Founder Shae Whitney has gone back to the basics with her craft cocktail bitters, utilizing ingredients foraged in the wild and heeding the products’ health-oriented roots.

Whitney was still in college when two seemingly unrelated things coalesced into one seriously delicious idea.She was studying Food Science, Ecological Agriculture and Botany at the Evergreen State College in Washington, and bartending on the side to pay for it. “DRAM was a mash-up of those two things,” she says, explaining, “I took herbalism and plant identifications classes one summer, and that’s when I realized most of the products we were using at the bars where I worked were synthetic, especially the bitters.”

Whitney predicted a market for natural bitters manufactured with Colorado ingredients, and when she graduated in 2010 she began tweaking recipes she’d experimented with during undergrad. A year later, Whitney formally filed as a business, and began selling her bitters at the onset of a craft bitters boom. “I was one of two female-owned companies in the U.S. at that time making craft bitters,” Whitney says.

She focused on bringing bitters back to their homeopathic origins. A lot of companies today cut costs using alcohol and synthetic flavoring to produce bitters, Whitney explains, adding, “Our food and beverage world has really turned over to synthetics.”

But bitters — real bitters — were originally a concentration of herbs added to a base of glycerin or alcohol. “Historically, bitters were used for upset stomachs and nausea,” Whitney begins. “They even had a snake oil reputation in the 1800s.”

During Prohibition, Americans began mixing bitters into their cocktails. Most folks could get a fresh bottle of bitters weekly with a note from the doctor, and bitters — they quickly discovered — made moonshine much more palatable.

While it’s easiest to make bitters by adding, say, a few teaspoons of raspberry flavoring to a huge jug of alcohol, Whitney prefers to start with one to two pounds of real raspberries, process them, and let output seep in a glycerin-based substrate. “Some companies will heat their mixtures to extract more, but we cold press everything,” Whitney adds, before straining and bottling products with recyclable and biodegradable packaging materials.

Whitney does all of this by hand in a small-scale commercial kitchen in downtown Salida. “We aren’t using any big machinery,” says Whitney. “All of our products are raw, except for our syrups, of course.”

In addition to six varieties of bitters — including the company’s top-seller, Black, a blend of black herbs — DRAM Apothecary also yields a popular line of syrups plus teas, ready-drink beverages, and — the company’s latest addition — switchel, a carbonated drinking vinegar.

“All of our products have been designed to offer the healing benefits of various plants,” Whitney says. In fact, her company is the first wild-foraged bitters company in the country.

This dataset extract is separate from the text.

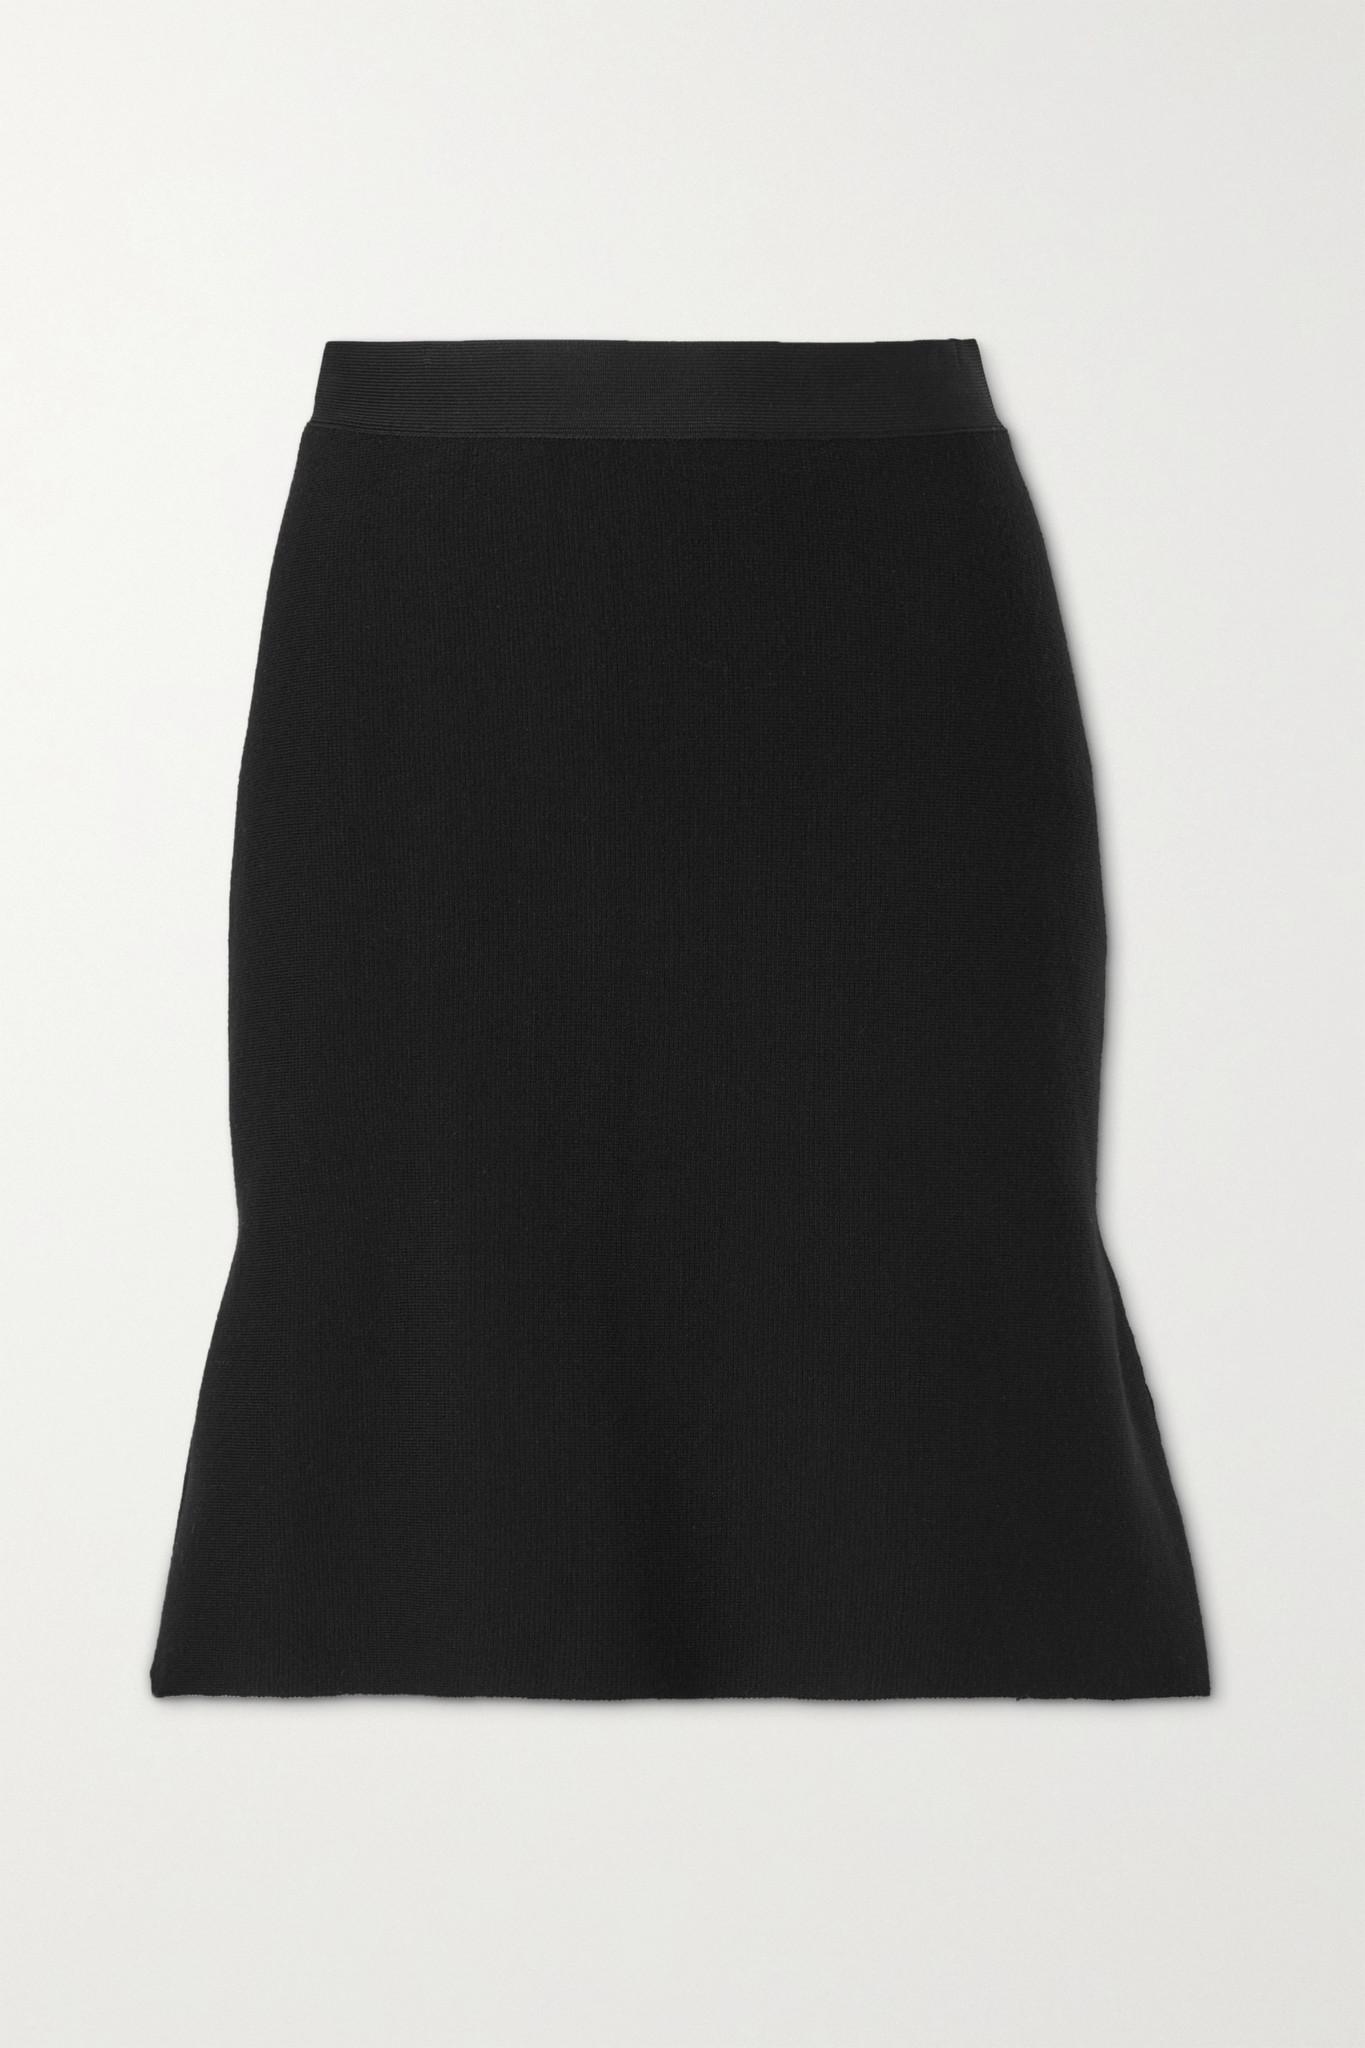 BOTTEGA VENETA - Ruffled Wool-blend Mini Skirt - Black - x small

Whitney forages for Colorado herbs herself in the mountainous terrain around Salida. “We try to forage as many ingredients as possible, and that’s predicted a lot of the flavors we offer in our lines,” says Whitney, rattling off flavors such as sage, juniper, and pine.

“The rule for foraging is to take one-tenth of the population,” Whitney explains. In addition to following that rule, she tries to utilize plants that benefit from being cleared from the forest, including invasive species like Canada thistle. “With our pine syrup, we try to get fallen branches or underbrush, which helps with forest fire mitigation,” she says. Whitney always brings a trash bag along whenever she forages — that way she can clean up anything that doesn’t belong in the woods.

Whitney can’t forage every ingredient she needs. Lavender, for example, doesn’t grow wild in the U.S., and DRAM currently buys it from an organic supplier — but not for long. She recently purchased land in Salida, where she’ll soon grow the ingredients she can’t find in nature.

DRAM Apothecary produces about 2,000 bottles of its bitters a month, plus 1,000 bottles each of its syrups, teas, and switchels. The company’s products are currently carried by Dean & DeLuca stores nationwide. “We’ve focused on small-scale, high-end boutiques, and have about 200 wholesale accounts,” Whitney says. She also runs a full online store for direct sales.

Challenges: “We need to start scaling production, and that can be a really big learning curve for a company like mine,” Whitney says. She’s currently evaluating whether to invest in in manual labor or machines. “It will probably end up being a mixture of both,” she says.

Opportunities: At the moment, Whitney is focused on getting her ready-drink beverages into more stores in more states. “They launched last summer, and are carried in Colorado, New Mexico, and Utah,” Whitney says. “We’re ready to expand to the coasts.”

Needs: “We need a bigger production facility,” Whitney says. She wants to stay in downtown Salida, and is waiting for the right real estate to become available. “We’ll also need to hire employees again,” she adds.